With my egg carton stones, I didn’t bother using grout. But these real stones needed it… otherwise they just looked like, well, like stones glued onto a piece of wood. As soon as I started applying it, I wondered if I’d made a big mistake…

Here it is caked in grout. Yuck!

And here with the excess wiped off. Better! The stones are still wet in this picture, so they don’t have as much color variation as they did earlier. I’m hoping that’ll come back once they’re dry.
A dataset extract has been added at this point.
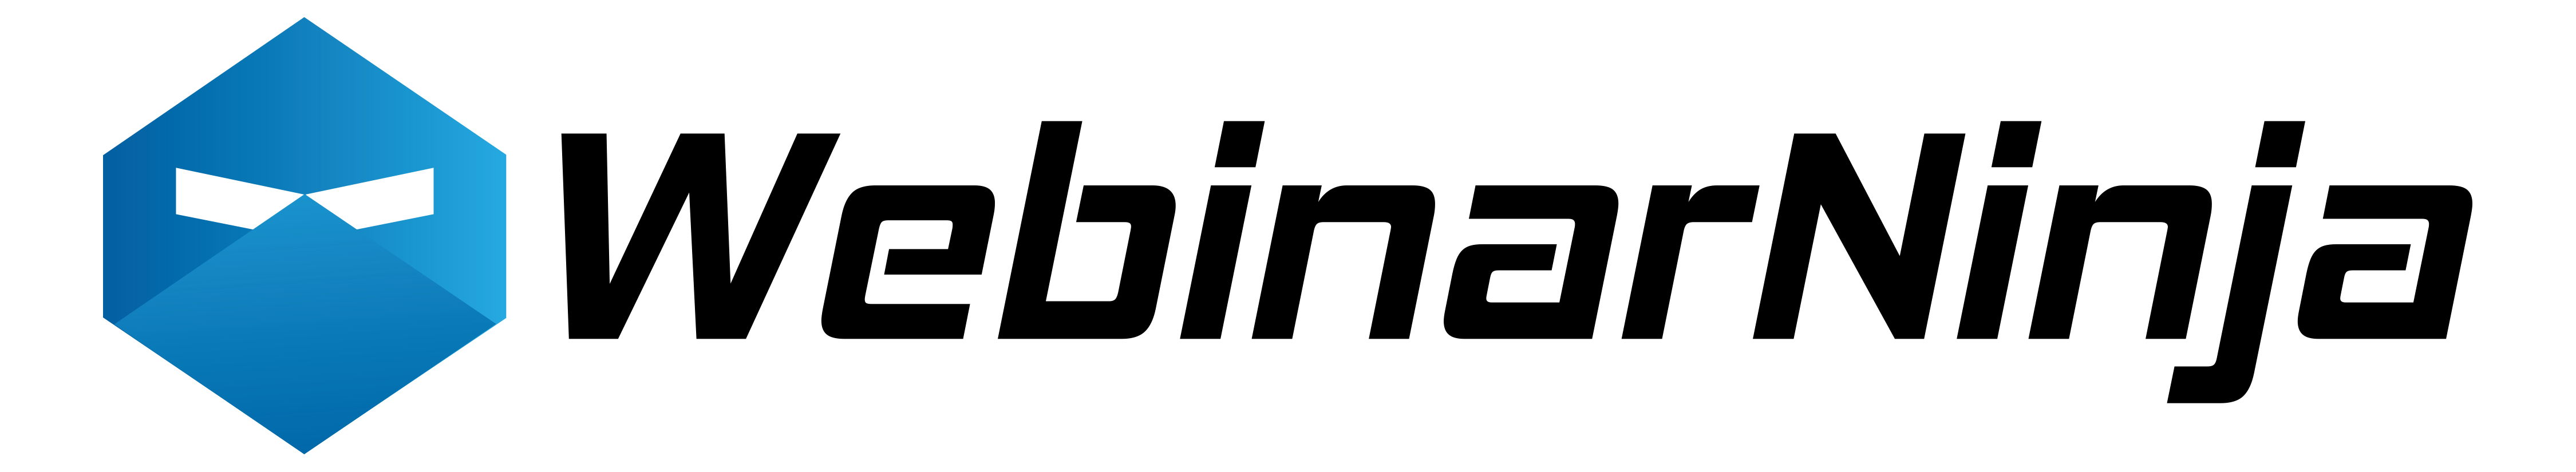 WebinarNinja Webinar Software

And voila. I think I will do some sort of gray wash over this, to darken the grout. It kind of looks more like a mosaic than a real chimney. Also since the only stones left are teeny tiny, I’ll probably use egg carton for the fireplace. Hopefully it won’t look too inconsistent.

4 Comments

  1. Jonesy

    What great fun you are having! I agree that the grouting needs to be ‘greyed’ (polite way of saying ‘dirtied’! I look forward to your photos as you progress, but you did a lot for one day!

    Jonesy, Victoria, BC

  2. Peggy in Italy

    Wow this is great! It is also inspiring. I think these unique houses are just so exciting to put together. And I love your blog how it gives the background and your inspiration. Looking forward to seeing how you work the insides. Thanks for sharing !

  3. John Morganti

    You could leave the front porch off and use the floor as a platform for landscaping. Maybe even have a creek and a badger.
    Love,
    Dad

  4. Emily

    Thanks for the comments! Leaving off the porch and landscaping over the platform is a good idea. I’m planning to put this on a large(ish) base so there’s room to include horses and cows, a garden, some outbuildings… so much for half scale houses taking up less space.